Common Mistakes to Avoid
- Thinking mental health only matters during a crisis. This is wrong because daily habits, relationships, sleep, and coping skills shape mental health before problems become severe.
- Assuming a person can simply choose not to feel anxious or depressed. This is wrong because mental health symptoms involve brain, body, environment, and life experiences, not just willpower.

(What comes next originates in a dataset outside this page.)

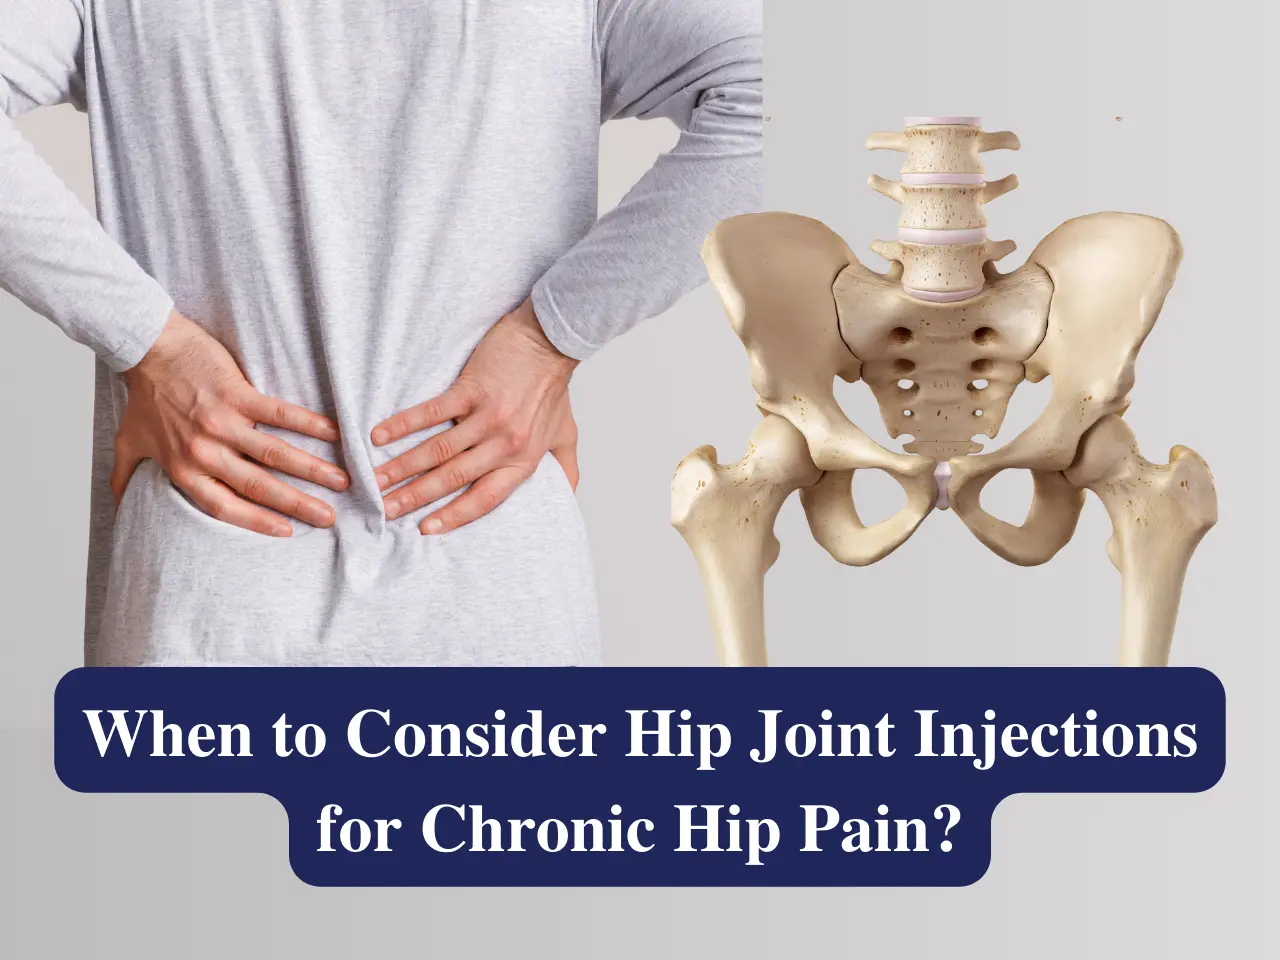 Hip Joint Injections for Chronic Hip Pain

- Using an online quiz as a diagnosis. This is wrong because screening tools can suggest when to seek help, but diagnosis requires a trained professional using full clinical information.
- Ignoring warning signs because grades, work, or appearance still seem normal. This is wrong because people can hide distress, and early support often prevents symptoms from getting worse.
Practice Questions
- 1 A student tracks sleep for 5 nights: 7.5 h, 6 h, 8 h, 7 h, and 6.5 h. What is the average sleep per night, and is it within the 8 to 10 hour target for most teens?
- 2 A stress checklist has 6 items scored from 0 to 3. A person's scores are 2, 1, 3, 0, 2, and 1. What is the total screening score?
- 3 A friend has become socially withdrawn, sleeps much less than usual, and says they feel hopeless. Explain two supportive actions you could take and why trying to diagnose them yourself would not be appropriate.